Fix a shape error in stochastic_muzero_policy (thanks Evan Walters).

Fixes #37 PiperOrigin-RevId: 505342675
google-deepmind · Jan 28, 2023 · 577fc77 · 577fc77
1 parent 6b827d2
commit 577fc77
Show file tree

Hide file tree

Showing 2 changed files with 15 additions and 11 deletions.
diff --git a/mctx/_src/policies.py b/mctx/_src/policies.py
@@ -265,11 +265,11 @@ def stochastic_muzero_policy(
     decision_recurrent_fn: a callable to be called on the leaf decision nodes
       and unvisited actions retrieved by the simulation step, which takes as
       args `(params, rng_key, action, state_embedding)` and returns a
-      `DecisionRecurrentFnOutput`.
+      `(DecisionRecurrentFnOutput, afterstate_embedding)`.
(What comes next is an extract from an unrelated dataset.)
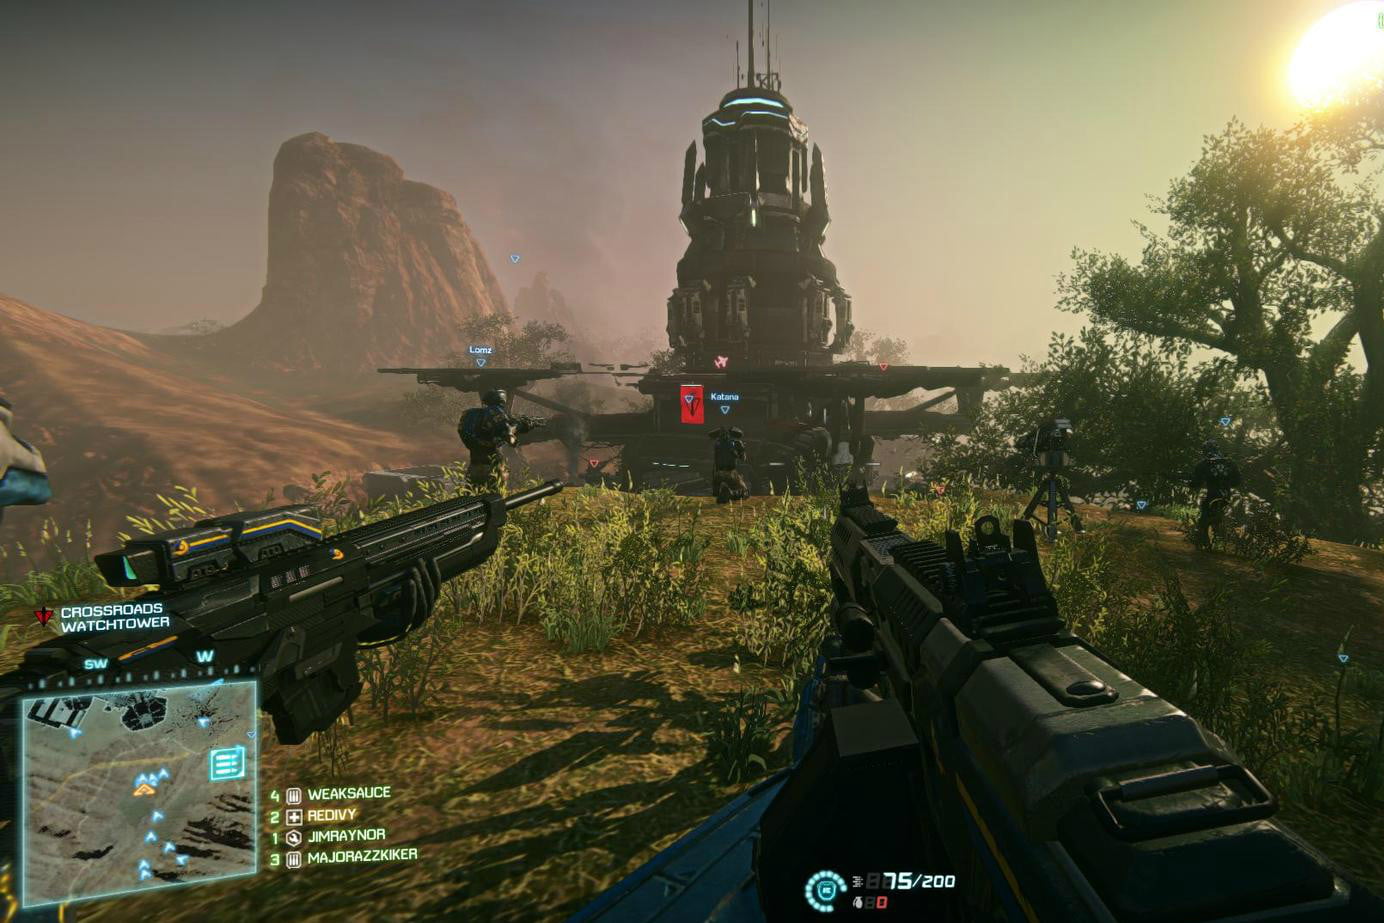 free shooter games pc download

     chance_recurrent_fn:  a callable to be called on the leaf chance nodes and
       unvisited actions retrieved by the simulation step, which takes as args
       `(params, rng_key, action, afterstate_embedding)` and returns a
-      `ChanceRecurrentFnOutput`.
+      `(ChanceRecurrentFnOutput, state_embedding)`.
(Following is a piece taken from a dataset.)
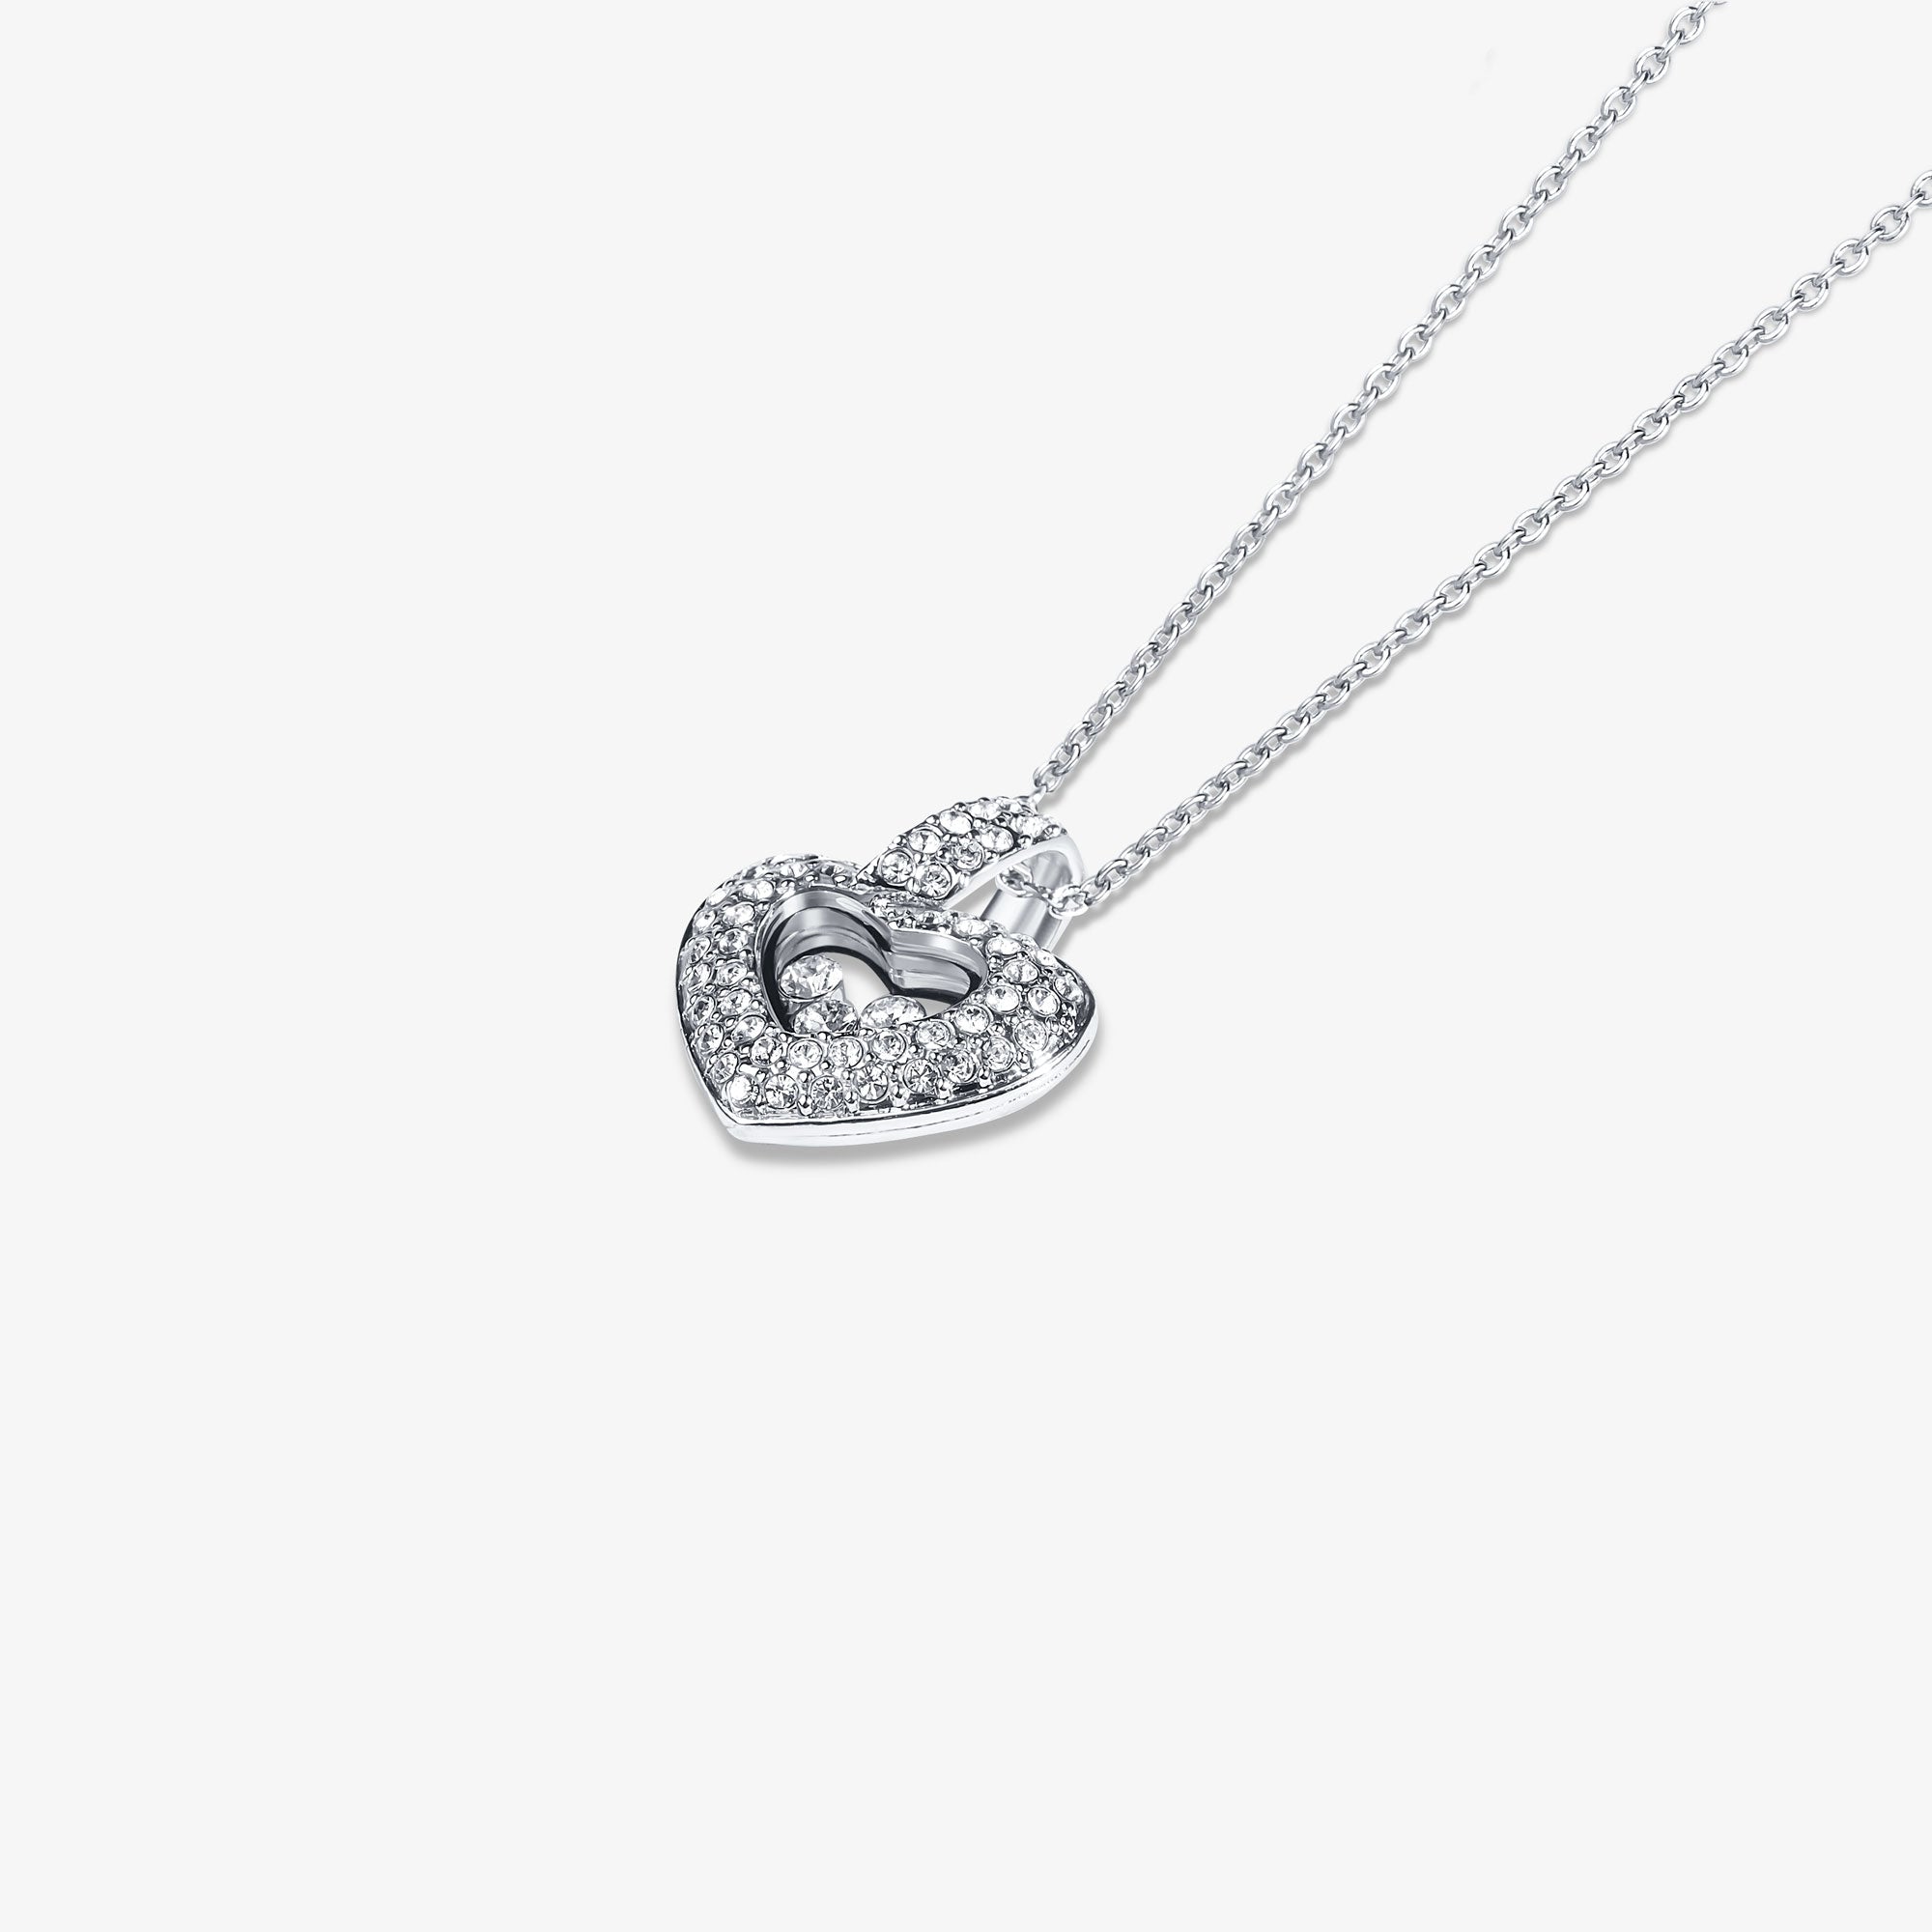 To The Mother of The Bride - Tryndi Floating Heart Necklace

     num_simulations: the number of simulations.
     num_actions: number of environment actions.
     num_chance_outcomes: number of chance outcomes following an afterstate.
@@ -471,7 +471,7 @@ def stochastic_recurrent_fn(
         is_decision_node=jnp.logical_not(state.is_decision_node))
 
     def _broadcast_where(decision_leaf, chance_leaf):
-      extra_dims = [1] * (len(decision_leaf) - 1)
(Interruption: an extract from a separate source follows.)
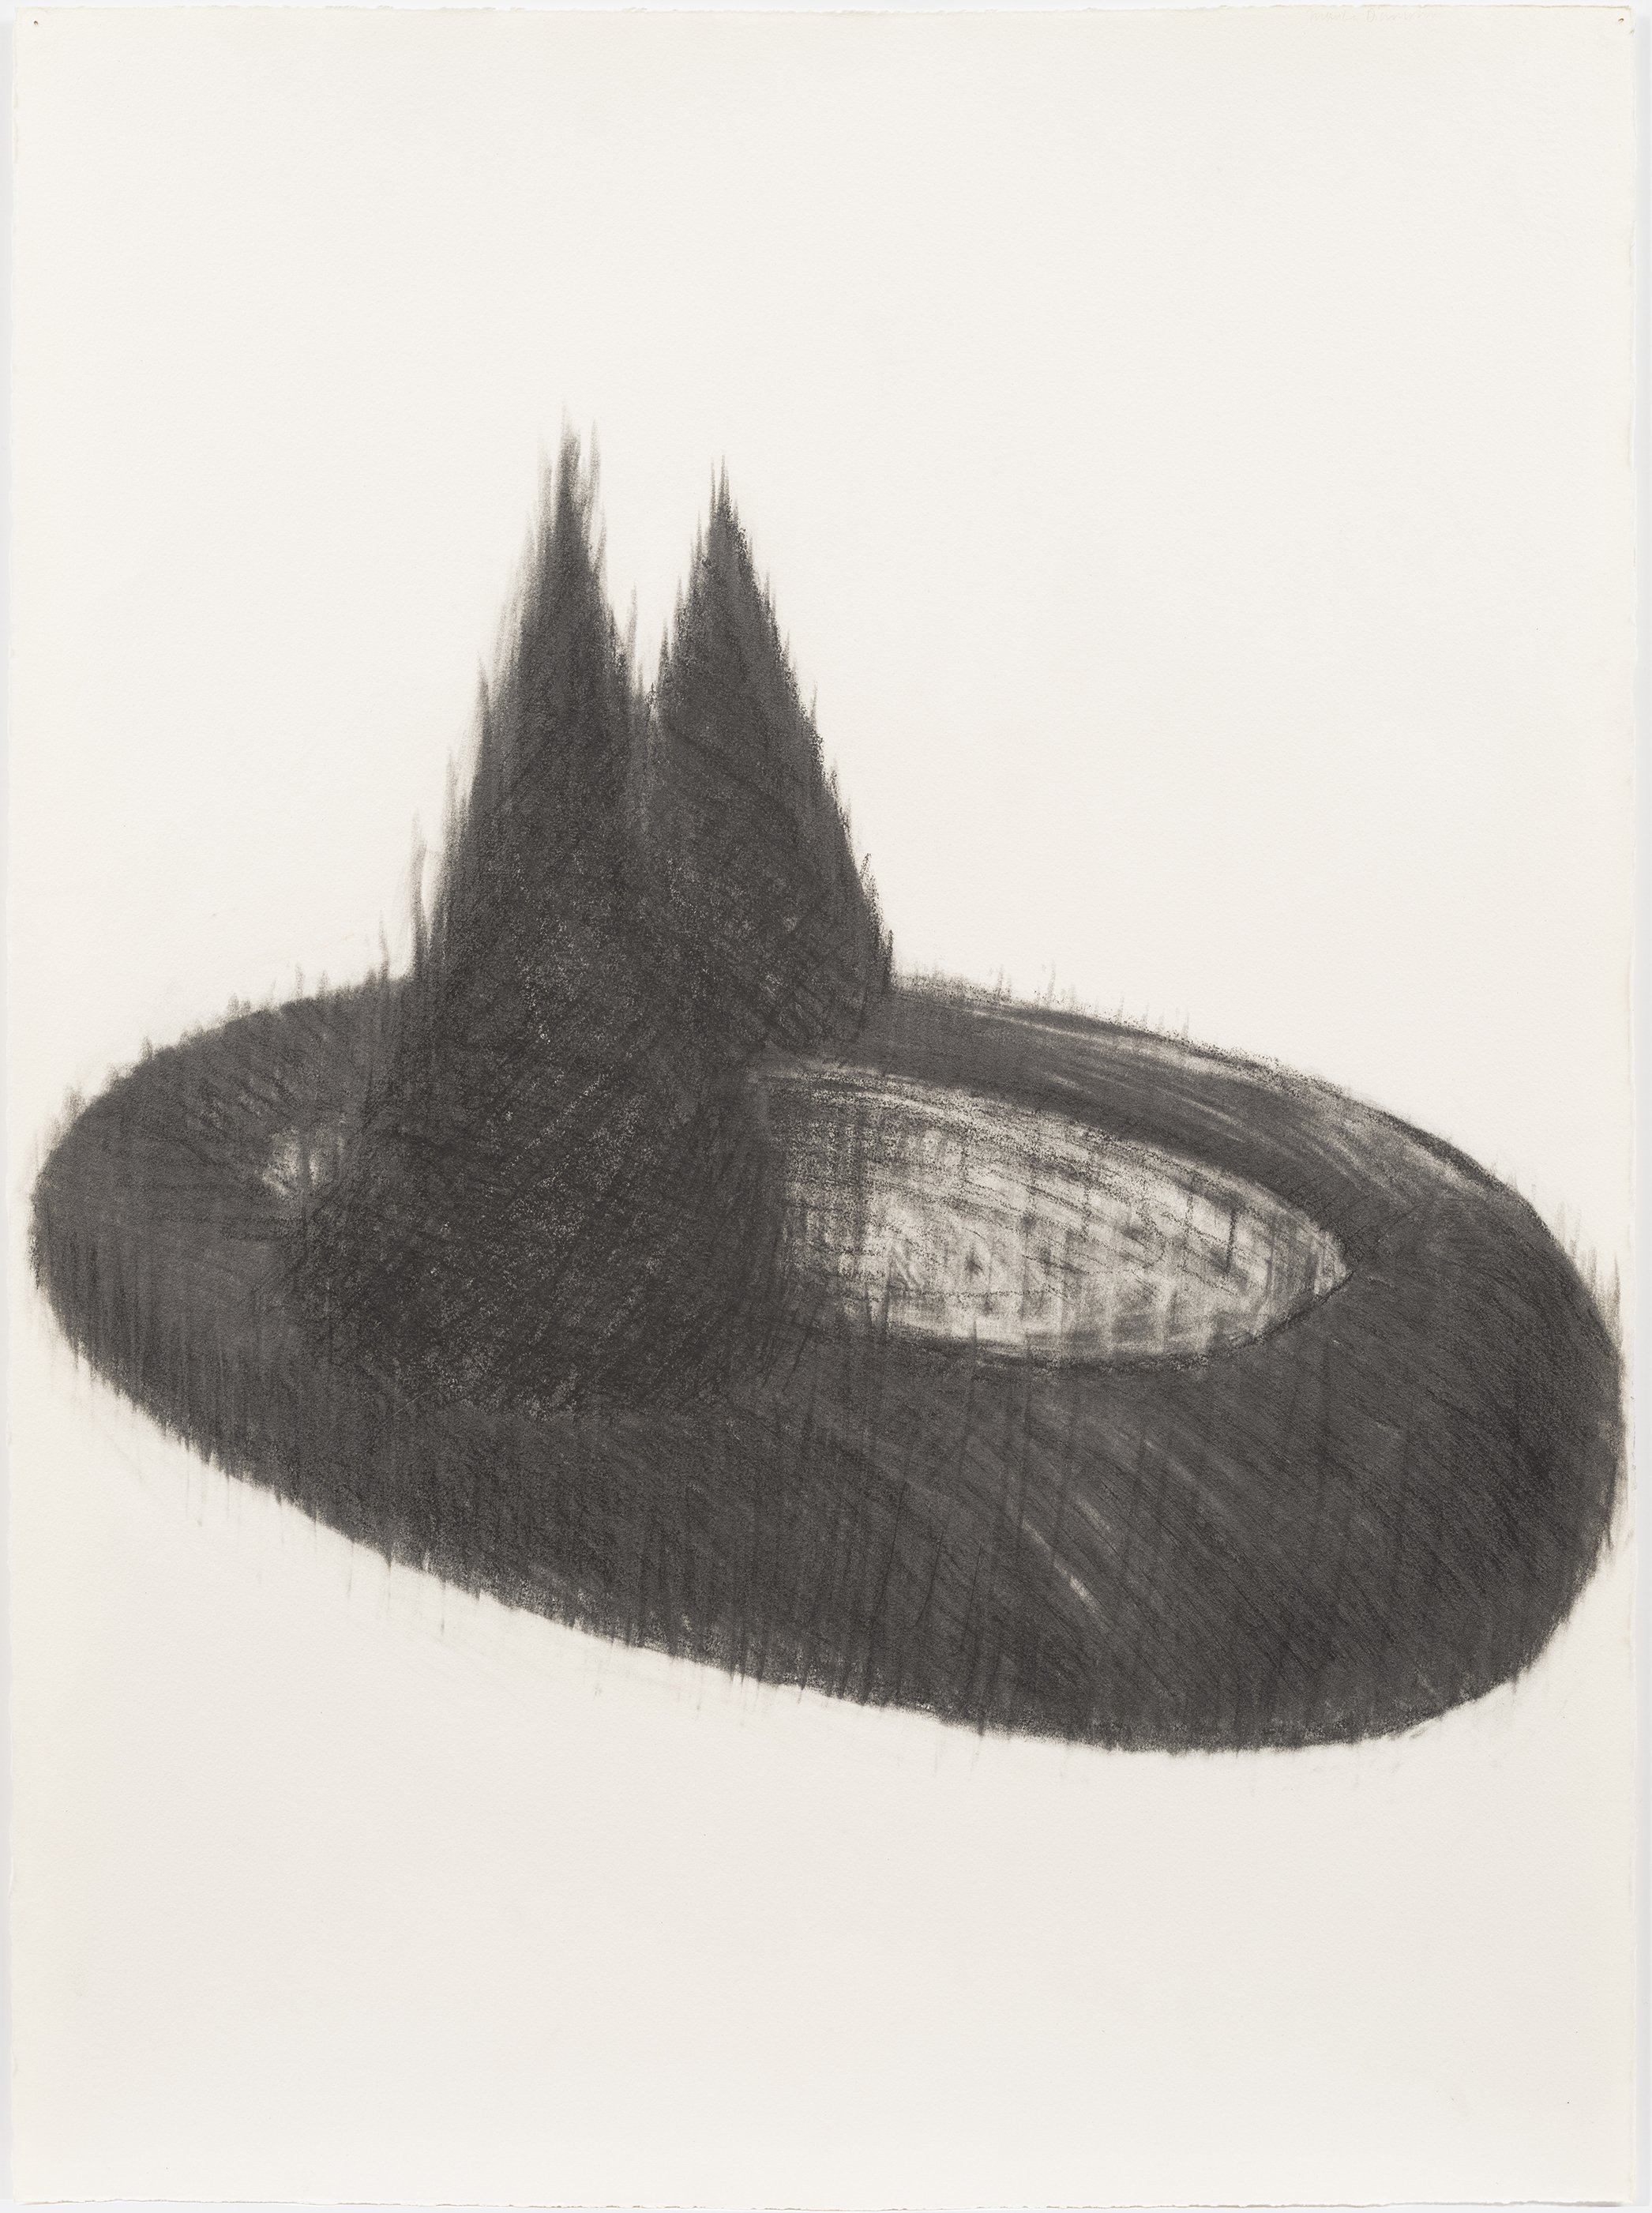   Untitled (Pool) , c. 1970s. Graphite on paper. 29.75 x 22 in.

+      extra_dims = [1] * (len(decision_leaf.shape) - 1)
       expanded_is_decision = jnp.reshape(state.is_decision_node,
                                          [-1] + extra_dims)
       return jnp.where(

diff --git a/mctx/_src/tests/policies_test.py b/mctx/_src/tests/policies_test.py
@@ -42,26 +42,28 @@ def recurrent_fn(params, rng_key, action, embedding):
 def _make_bandit_decision_and_chance_fns(rewards, num_chance_outcomes):
 
   def decision_recurrent_fn(params, rng_key, action, embedding):
-    del params, rng_key, embedding
+    del params, rng_key
     batch_size = action.shape[0]
     reward = rewards[jnp.arange(batch_size), action]
     dummy_chance_logits = jnp.full([batch_size, num_chance_outcomes],
                                    -jnp.inf).at[:, 0].set(1.0)
+    afterstate_embedding = (action, embedding)
     return mctx.DecisionRecurrentFnOutput(
         chance_logits=dummy_chance_logits,
-        afterstate_value=jnp.zeros_like(reward)), (action)
+        afterstate_value=jnp.zeros_like(reward)), afterstate_embedding
 
-  def chance_recurrent_fn(params, rng_key, chance_outcome, embedding):
+  def chance_recurrent_fn(params, rng_key, chance_outcome,
+                          afterstate_embedding):
     del params, rng_key, chance_outcome
-    afterstate_action = embedding
+    afterstate_action, embedding = afterstate_embedding
     batch_size = afterstate_action.shape[0]
 
     reward = rewards[jnp.arange(batch_size), afterstate_action]
     return mctx.ChanceRecurrentFnOutput(
         action_logits=jnp.zeros_like(rewards),
         value=jnp.zeros_like(reward),
         discount=jnp.zeros_like(reward),
-        reward=reward), jnp.zeros([1, 4])
+        reward=reward), embedding
 
   return decision_recurrent_fn, chance_recurrent_fn
 
@@ -309,13 +311,15 @@ def test_stochastic_muzero_policy(self):
     root = mctx.RootFnOutput(
         prior_logits=jnp.array([
             [-1.0, 0.0, 2.0, 3.0],
+            [0.0, 2.0, 5.0, -4.0],
         ]),
-        value=jnp.array([0.0]),
-        embedding=jnp.zeros([1, 4]),
+        value=jnp.array([1.0, 0.0]),
+        embedding=jnp.zeros([2, 4])
     )
     rewards = jnp.zeros_like(root.prior_logits)
     invalid_actions = jnp.array([
         [0.0, 0.0, 0.0, 1.0],
+        [1.0, 0.0, 1.0, 0.0],
     ])
 
     num_simulations = 10
@@ -326,7 +330,7 @@ def test_stochastic_muzero_policy(self):
         root=root,
         recurrent_fn=_make_bandit_recurrent_fn(
             rewards,
-            dummy_embedding=jnp.zeros([1, 4])),
+            dummy_embedding=jnp.zeros_like(root.embedding)),
         num_simulations=num_simulations,
         invalid_actions=invalid_actions,
         dirichlet_fraction=0.0)